What you have to do: Leave out the pictures and reproduce all of the data exactly.

Data:
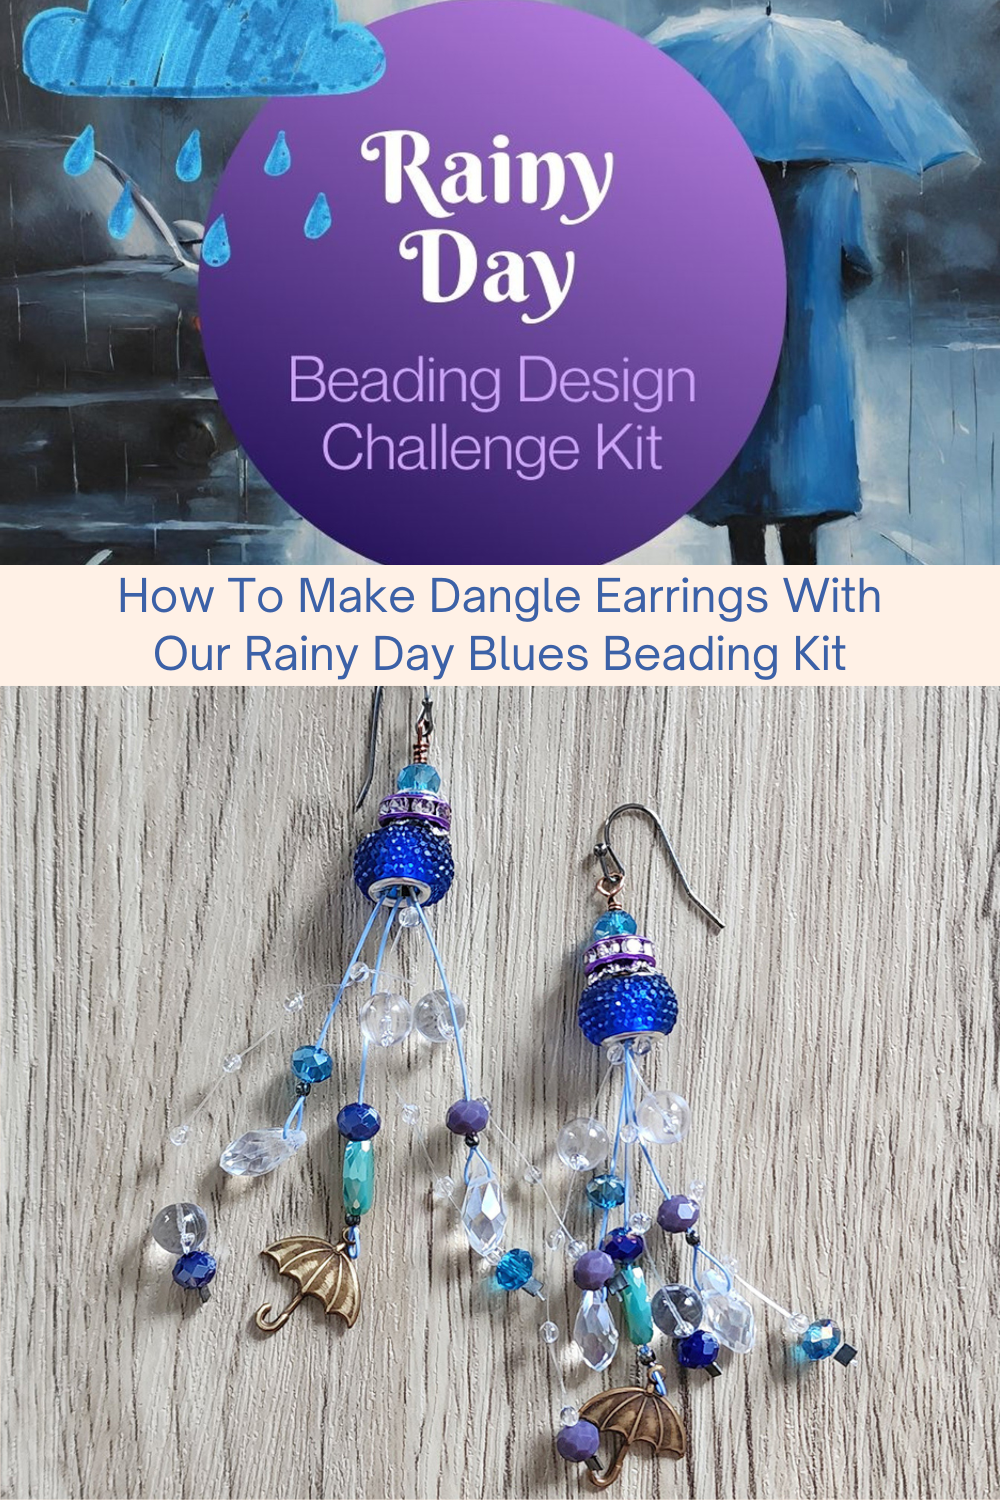 How To Make Dangle Earrings With Our Rainy Day Blues Beading Kit Collage
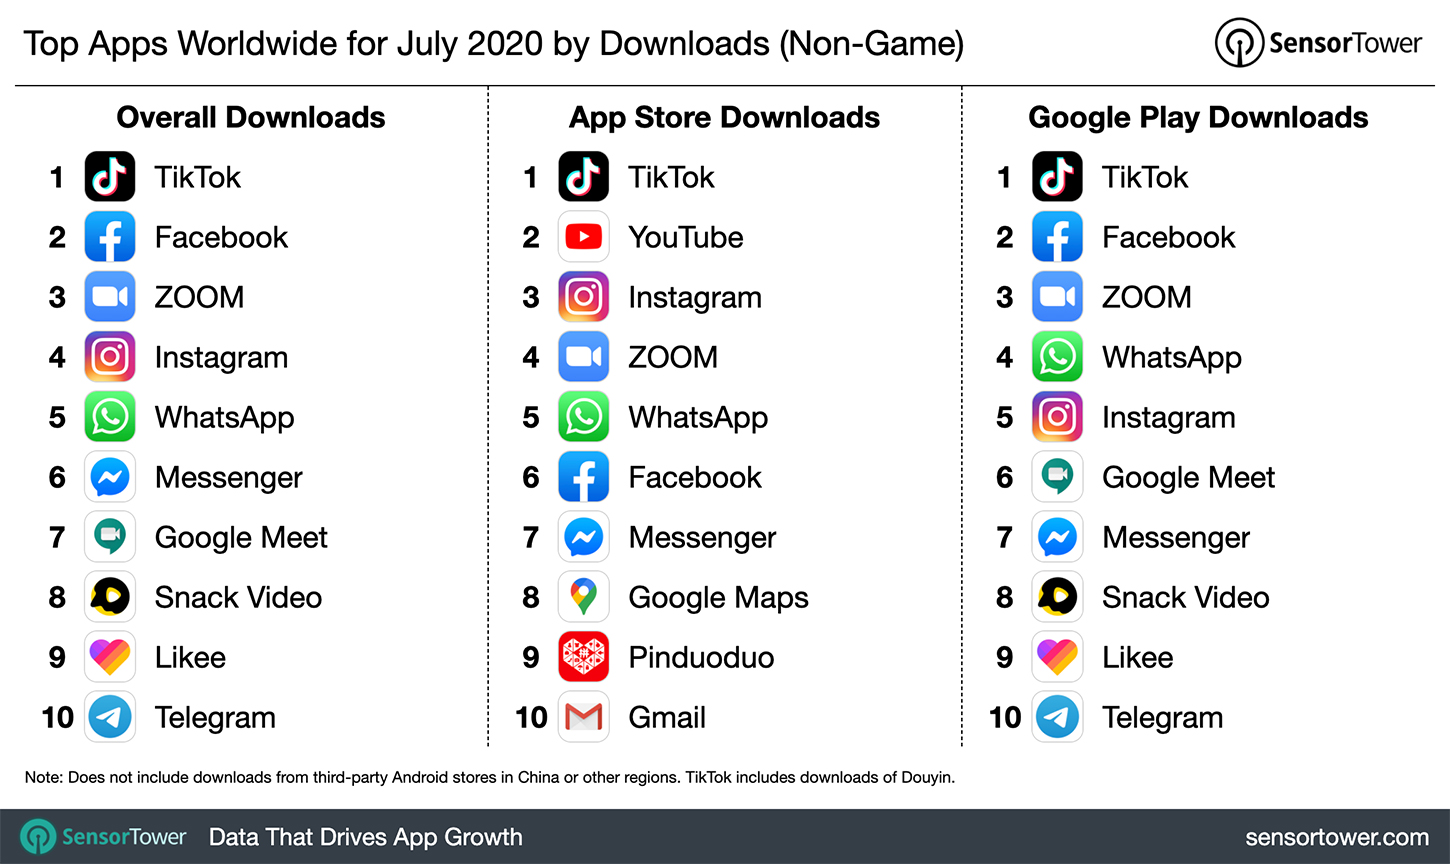 tiktok was the most download non gaming
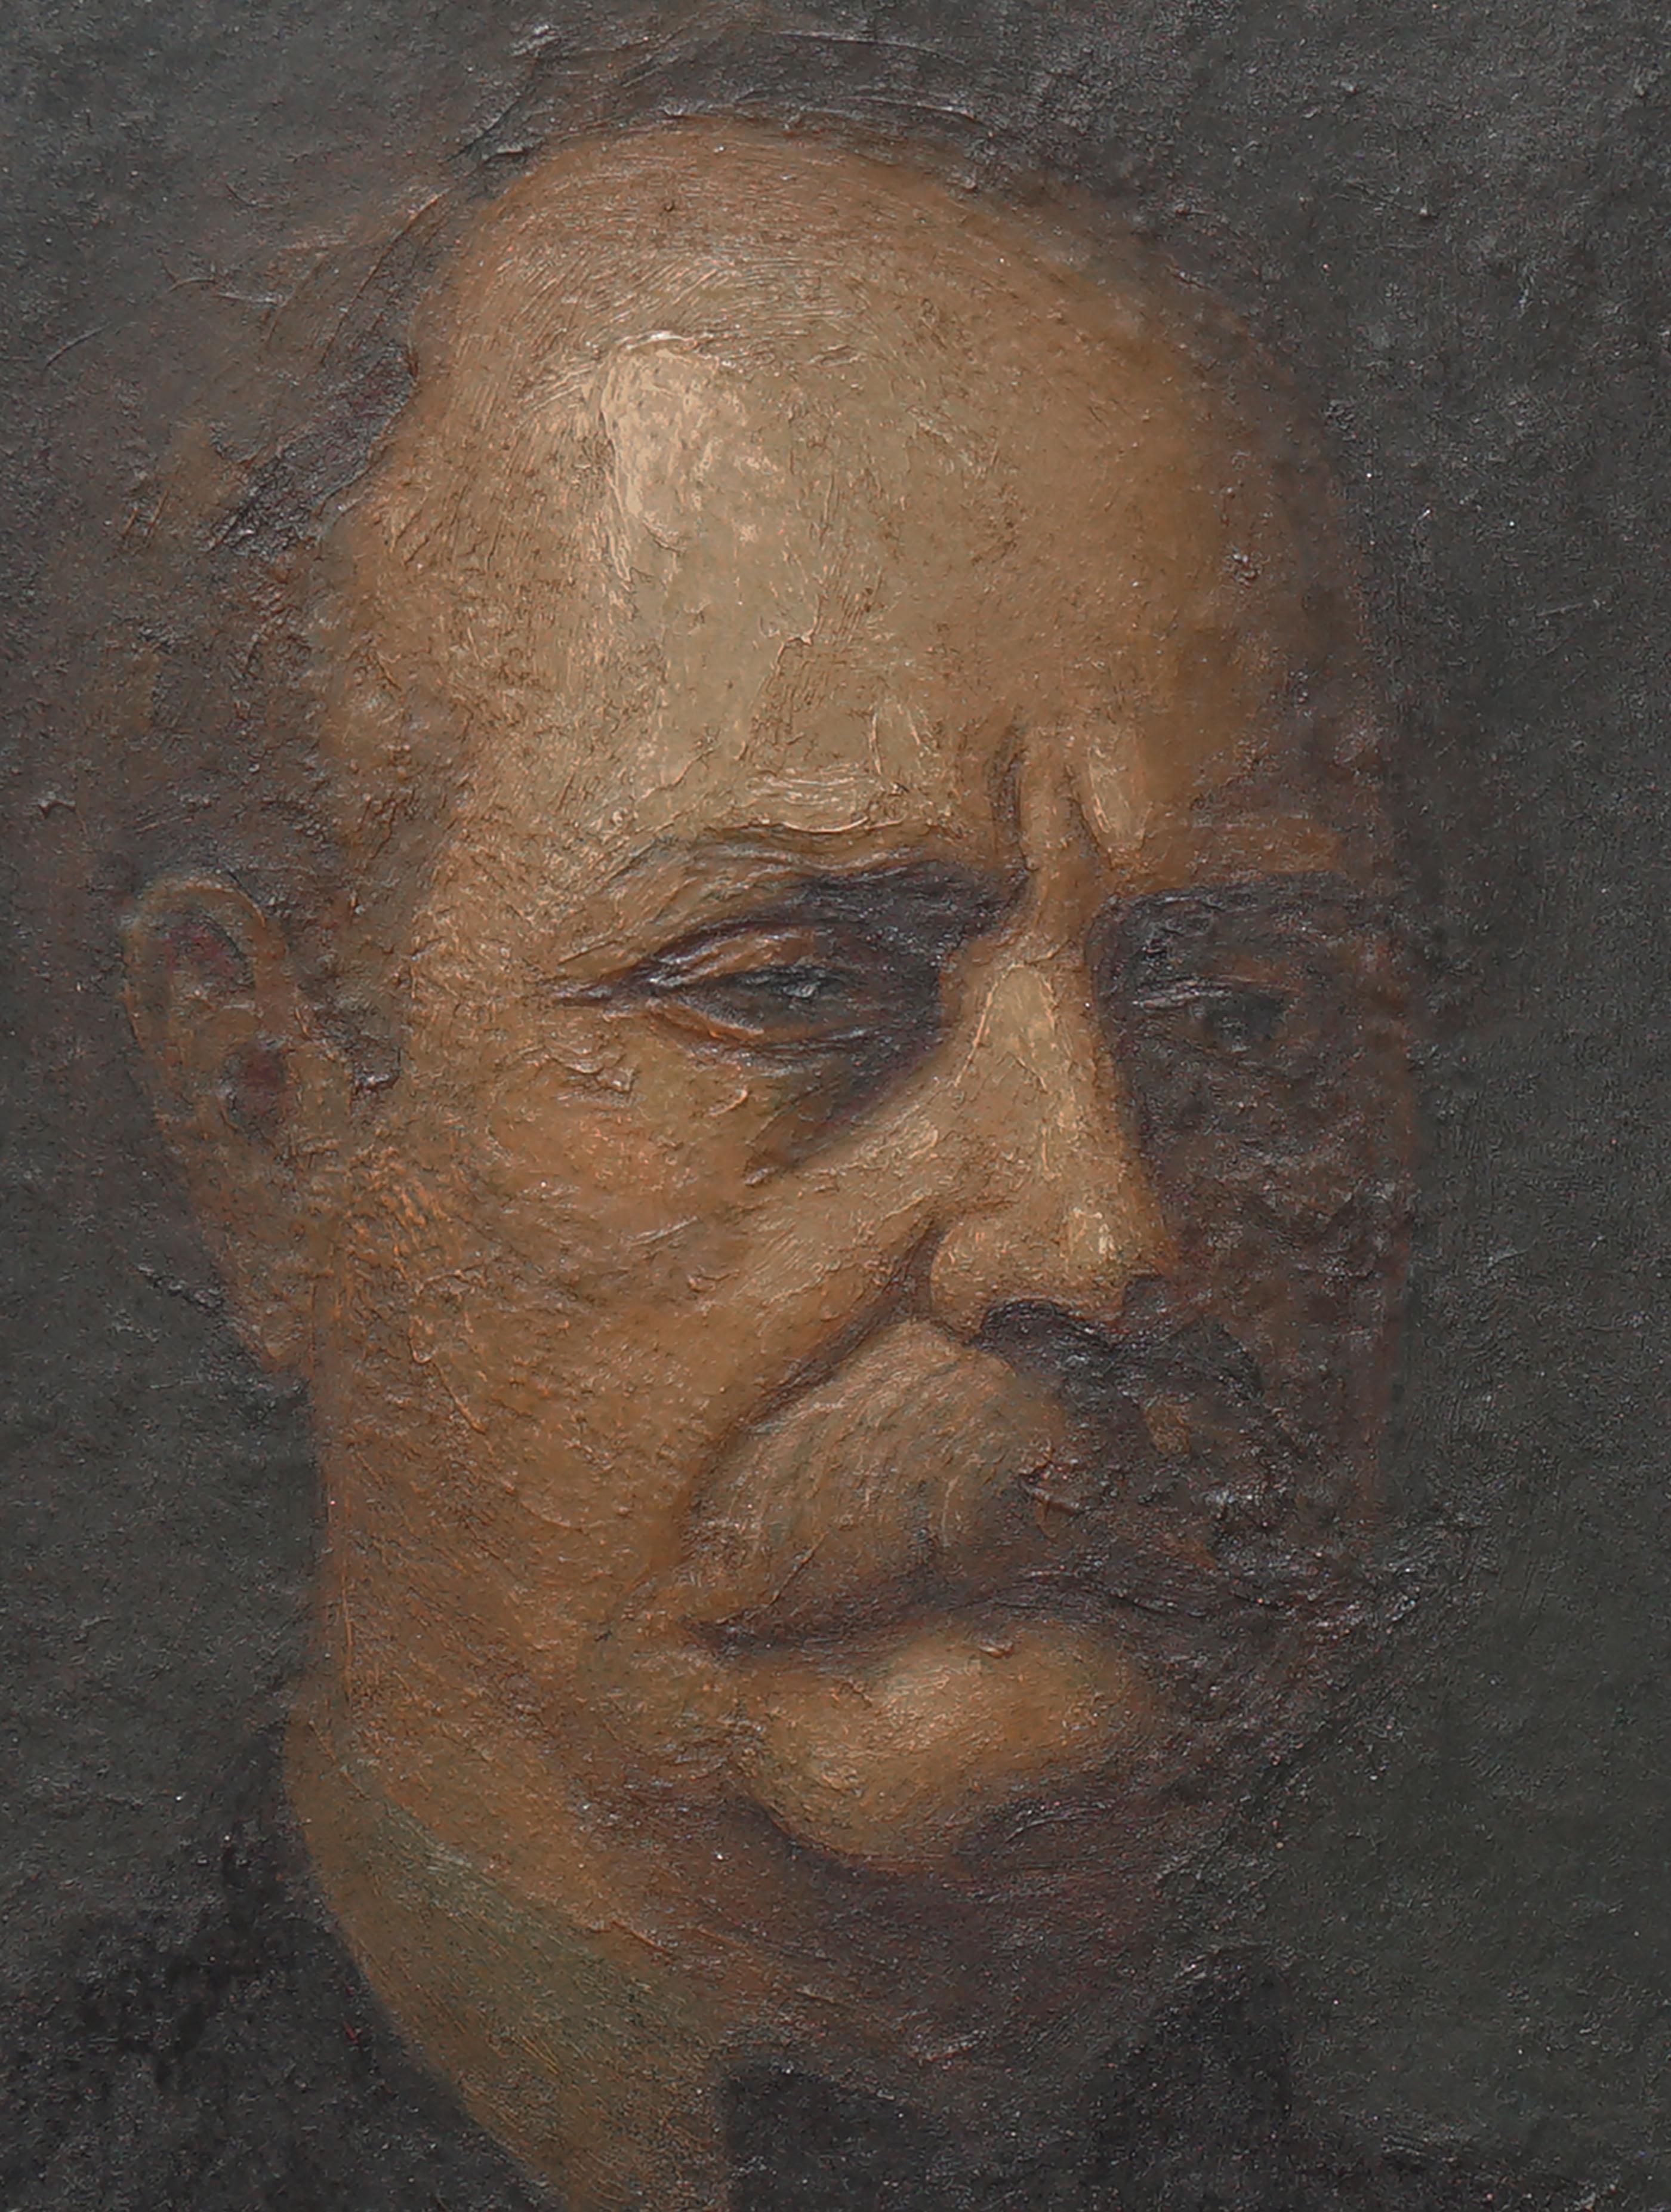 Compelling portrait of older man by Claude Buck (American, 1890-1974), likely dating to the 1920s. Signed lower left corner

Exercise output:
 How To Make Dangle Earrings With Our Rainy Day Blues Beading Kit Collage
 tiktok was the most download non gaming
 Compelling portrait of older man by Claude Buck (American, 1890-1974), likely dating to the 1920s. Signed lower left corner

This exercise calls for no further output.